電子書籍で読んだ商業BLの感想をぬるぬると更新するだけのブログ。

『まっくらやみで君と』タカナシモリミチ

ある夜、悲鳴を聞きつけた滝本薫はまっくらやみの中、突然何者かに抱きつかれてしまう。驚いて身動きできずにいたが、鼻をくすぐるこの香りは……佐久間課長!? さらに「今夜、僕と寝てほしい」なんて言い出した!! エリート上司のおねだりを断りきれない滝本は振り回されまくり!! おまけにめんどくさそうなヤンデレイケメンの岩瀬悠太朗も現れて……。男達の傷と秘密が重なる、ビターな恋がここに。 

収録作品:「まっくらやみで君と」「(描き下ろし)nightmarks」、カバー下(1ページマンガ、あとがき)

感想:

試し読みして一旦は「上手いけど合わない絵柄」と購入を見合わせましたが、やっぱり気になってしまい……結果、読んでよかった! 人物も話も魅力的なので、一話目を読み終える頃には違和感があったはずの絵柄も好きになってました。暗闇が苦手で怖がりで料理上手でバカ素直で、乙女受っぽいはずなのに、佐久間課長があまり女々しく感じられないのは独特の間合いのせいなのでしょうか。背景も登場人物も重いはずなのに展開はちょっとコミカルで、軽やか。

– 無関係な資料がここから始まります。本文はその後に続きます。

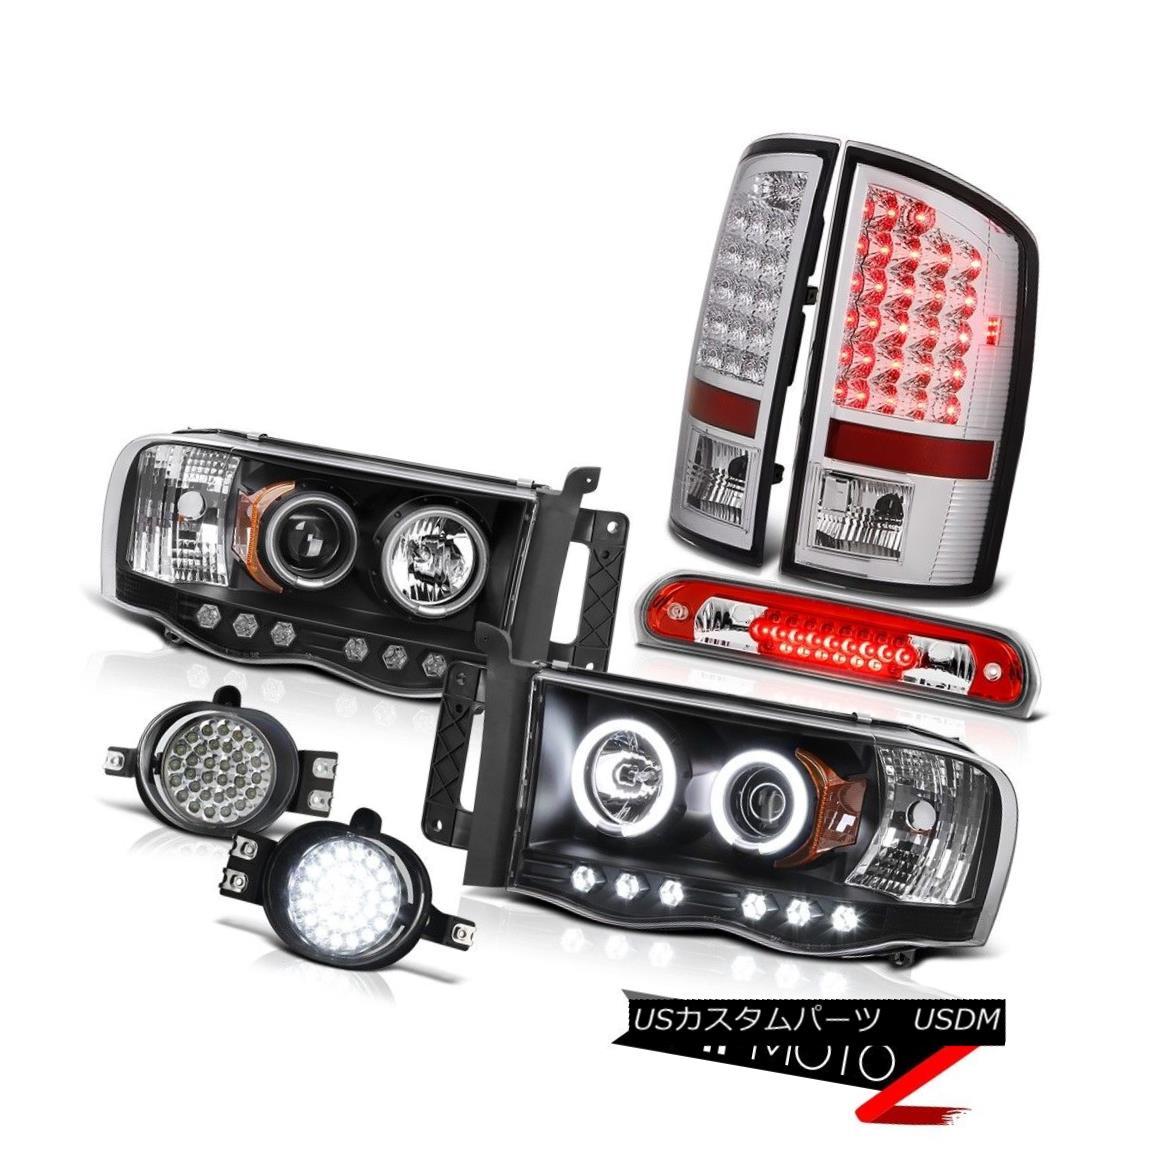 高級感 テールライト 2002-05 Ram 2002-05 2500 2500 CCFL テールライト Halo Headlights LED Tail Lights Surface Fog High Stop Red 2002-05 Ram 2500 CCFL HaloヘッドライトLEDテールライト表面フォグハイストップレッド, KULALASHOP:3bdcd0fc --- esef.localized.me

すっとんきょうな佐久間の頼みに嫌々つきあっていた滝本が徐々に佐久間に惹かれていくのも、「他人(父親)の期待を裏切ること」を恐れる佐久間が「ダメなところを知るほど好きに」なってくれる滝本に救われる流れも説得力がありましたし、付き合い始めてからの(主に佐久間のずれた感性ゆえの)ちょっとしたいざこざも微笑ましい。いいもの読みました。

本編はキスのみ、番外でも本番には至らずですが、このお話はこのくらいがちょうどいいんだと思います。そして個人的に萌え萌えだった岩瀬! あれだけで終わらせるにはもったいない怪しさとイケメンっぷりでした。岩瀬メインの話が読みたいです。